La défaite française de Dien Bien Phu est une erreur stratégique, l’état-major français n’ayant pas cru à la capacité de Vo Nguyen Giap d’amener autour de son camp retranché une force suffisante. Or c’est pourtant ce qui arrive : des coolies transportent les pièces d’artillerie à pied ou en vélo le long des pistes et les retranchent dans des grottes. Le camp français n’a pas pu trouver, de son côté, de quoi renforcer ses abris. Le 13 mars 1954, le premier point d’appui tombe sur un déluge d’artillerie. L’officier d’artillerie qui s’était engagé à maintenir les canons du Viet Minh à distance se suicide.

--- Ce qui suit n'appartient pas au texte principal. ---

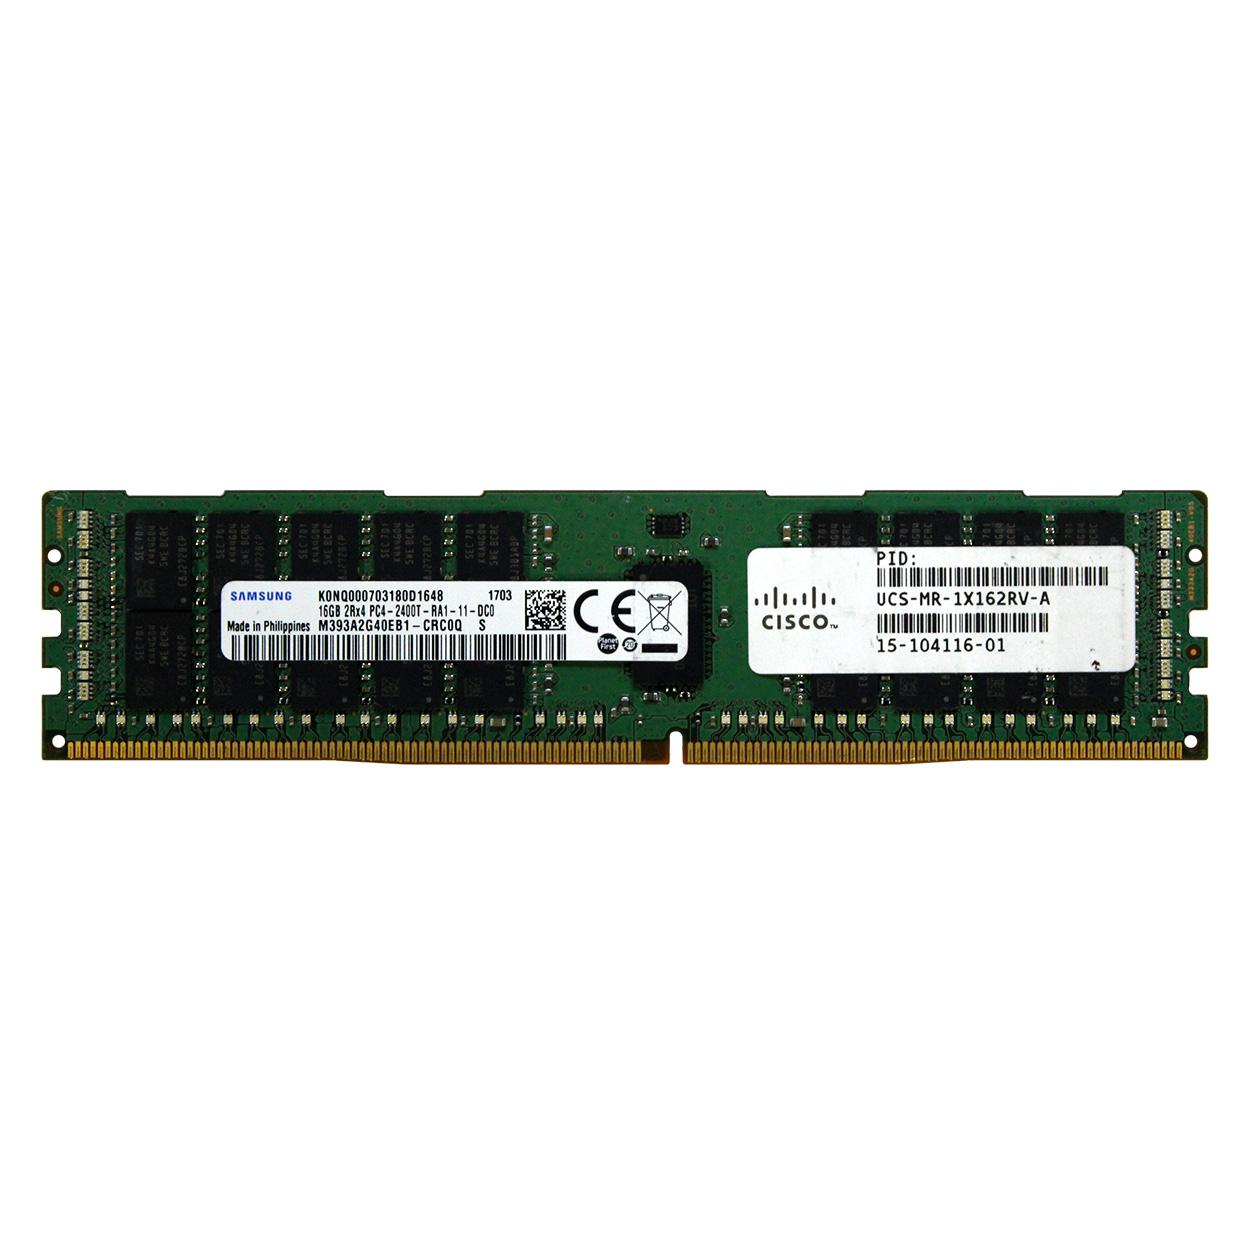 3x16GB DDR3 PC3-8500R 4Rx4 ECC Reg Memory RAM Cisco UCS C200 M2 B200 M2 48GB

Mais surtout, il semble que ce soit une leçon politique non-retenue de la Libération. Une force militaire hors-sol, sans appui de la population, et rapidement coupée de son ravitaillement, cède face à une armée de libération nationale dont la foi soulève des montagnes. Et renverse les collines. Les volontaires vietnamiens sont, pour reprendre le précepte de Mao, « dans la population comme le poisson dans l’eau. » Le corps expéditionnaire français s’y noie.

Erreur politique d’autant plus manifeste qu’elle emporte dans le naufrage un certain nombre de figures de la résistance. Marcel Bigeard, officier parachutiste, est fait prisonnier. Dix années auparavant, il était parachuté sur les maquis de l’Ariège. Est également anéantie dans la cuvette de Dien Bien Phu la 13e DBLE – demi-brigade de la légion étrangère. La 13 DBLE est Compagnon de la Libération. C’est celle de Bir Hakeim.

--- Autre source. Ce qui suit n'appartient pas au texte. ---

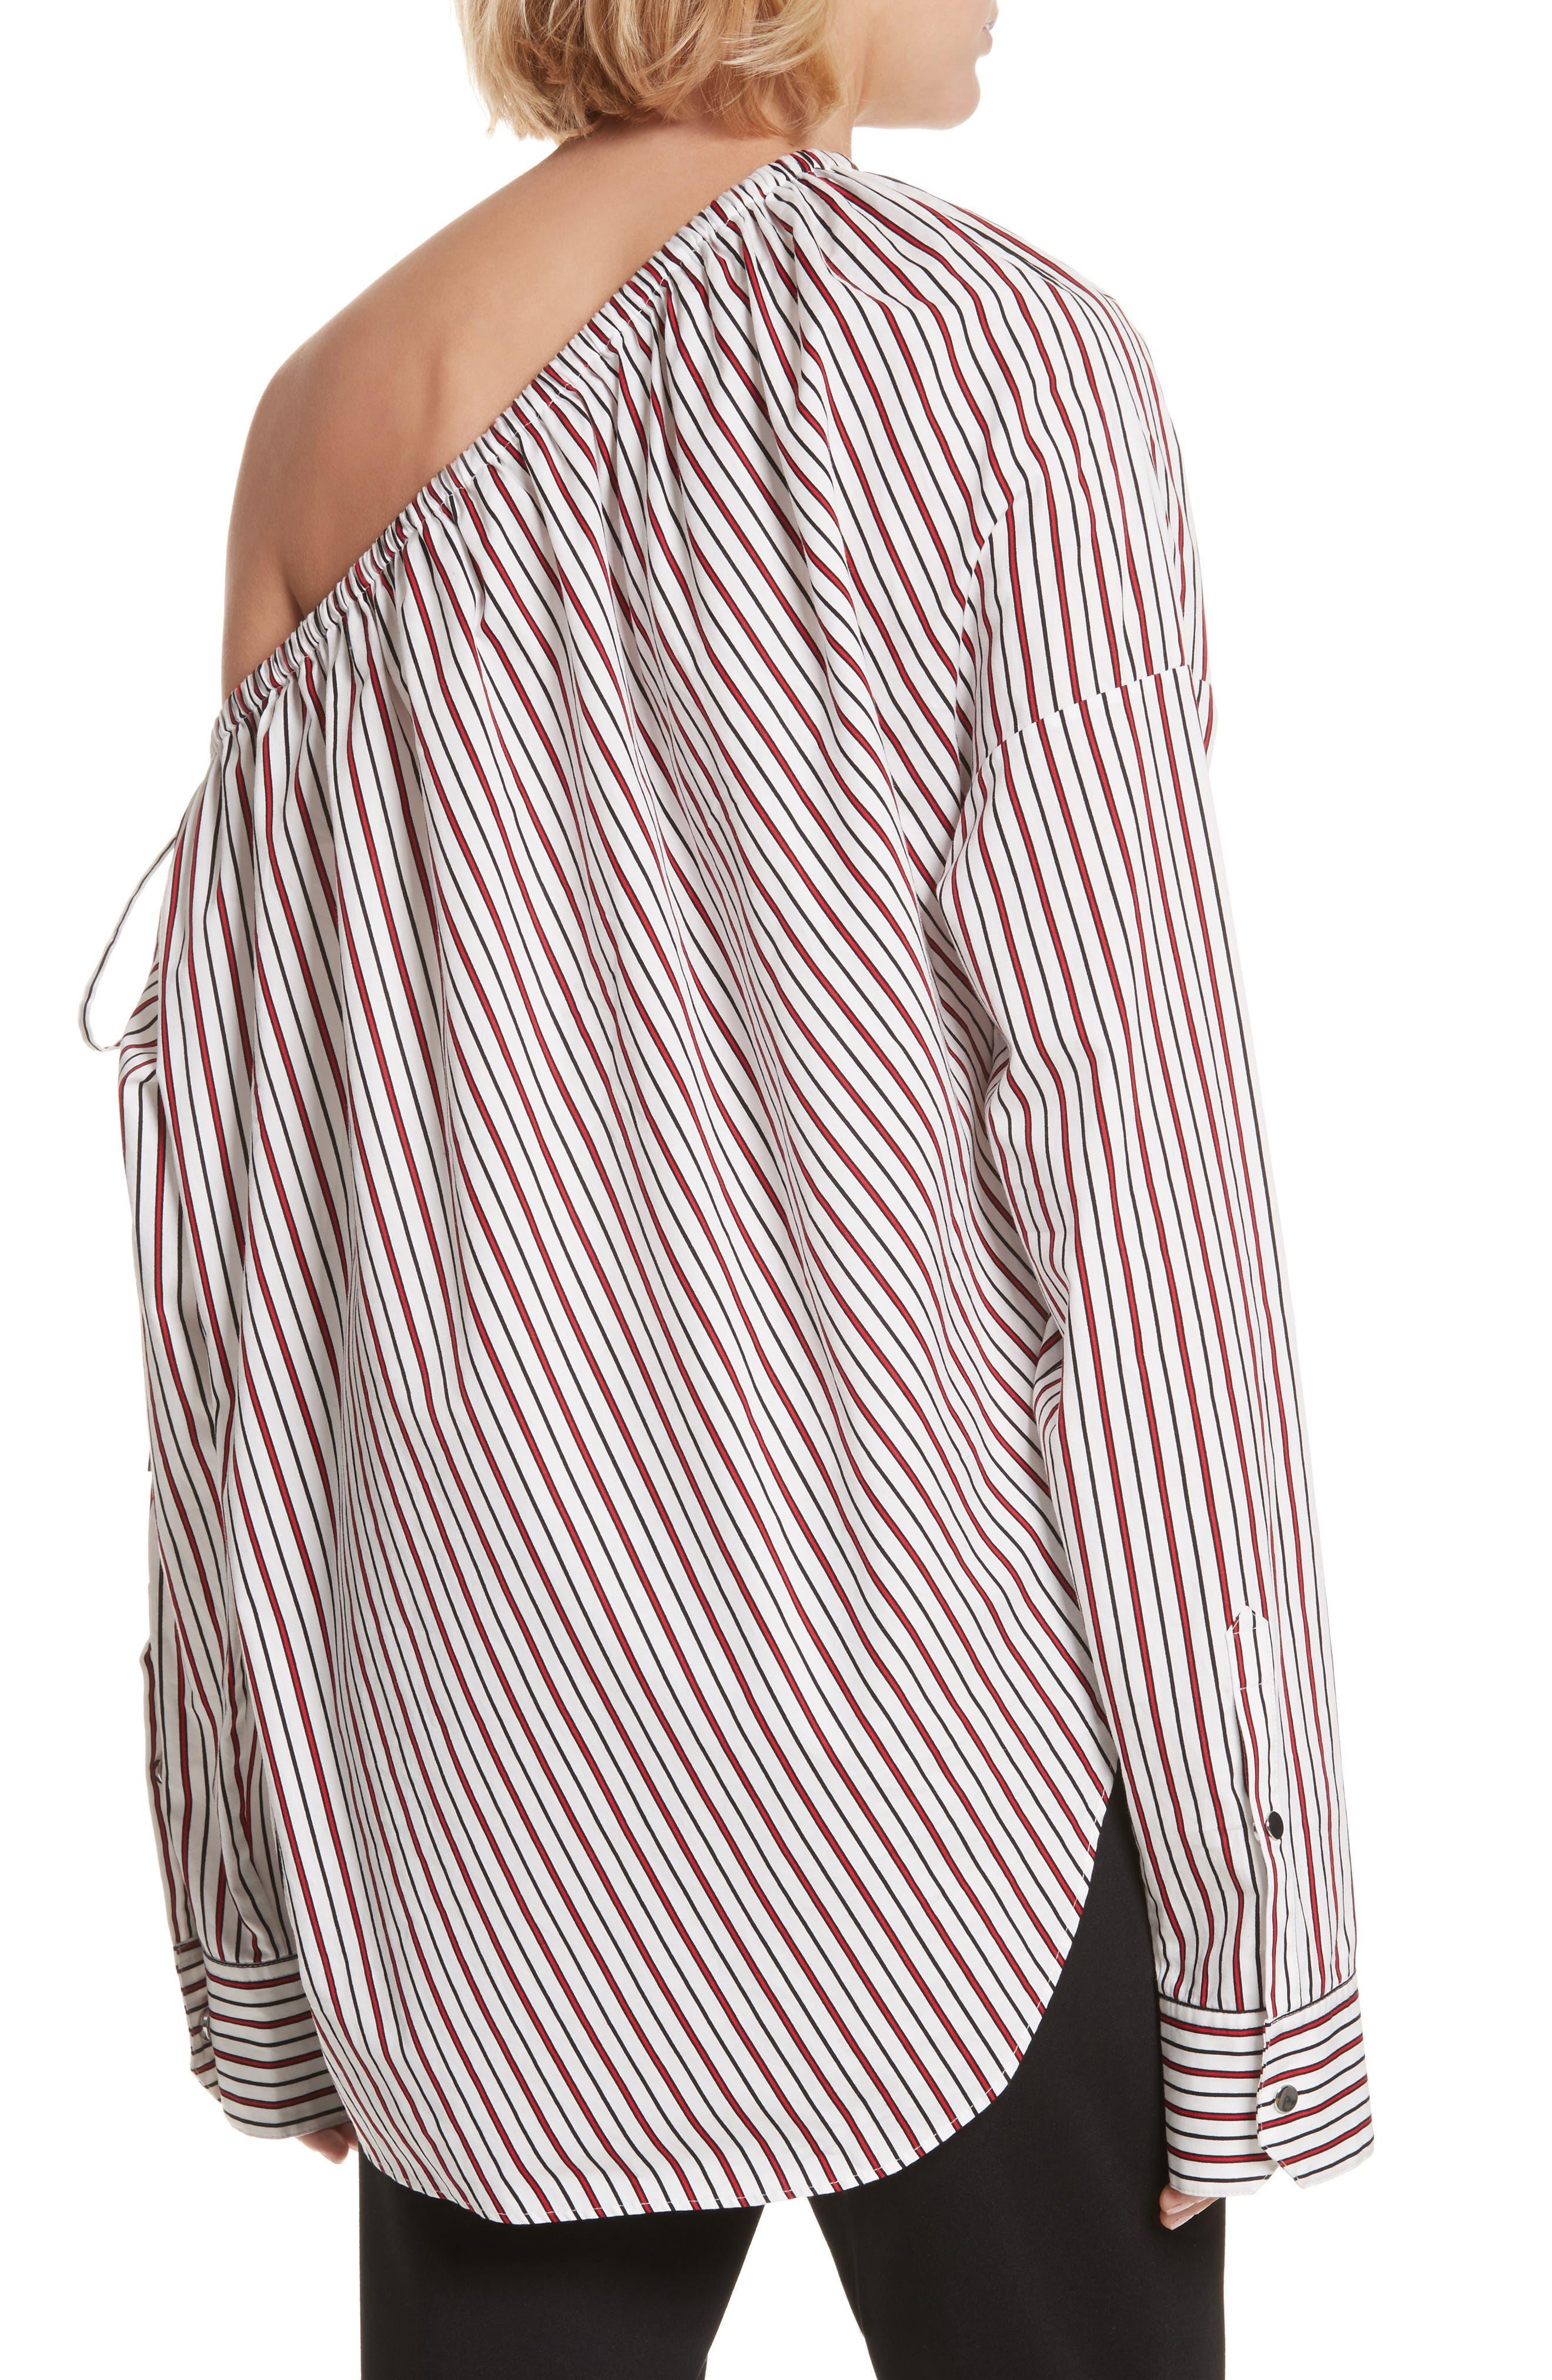 Cinched One-Shoulder Top,                             Alternate thumbnail 2, color,                             Red Stripe

L’usage du vers de l’Expiation de Victor Hugo par Schoendorfer donne à penser :
« est-ce le châtiment, Dieu sévère ? »
Châtiment d’un empire colonial ? Châtiment de n’avoir pas compris le sens de l’Histoire ? Simple parallèle entre Waterloo et Dien Bien Phu ? Réflexe de chercher la faute qui amène le désastre ?

Et puis, cette défaite en Indochine laisse aussi une grosse tache morale dans les rangs de l’armée. Pour beaucoup d’officiers encore jeunes, issus des FFL et des FFI, le sentiment d’être envoyés faire le sale boulot d’une décolonisation que la classe politique ne veut pas gérer se fait de plus en plus présent. Ce sentiment va alimenter les volontés putschistes qui vont se manifester dans les années qui suivent en Algérie. Mais également le sentiment d’avoir carte blanche pour la répression et la contre-révolution, une « école française », en fait dans la continuité des méthodes de l’occupation nazie (tortures, représailles et absence de distinction entre civiles et militaires), qui est reprise à partir des années 60 sur le continent sud-américain.

Et pourtant, environ 40 ans avant Dien Bien Phu, Clémenceau disait déjà en pleine crise boulangiste :

“La guerre ! C’est une chose trop grave pour la confier à des militaires.”

Quelle qu’elle soit, maudite soit la guerre.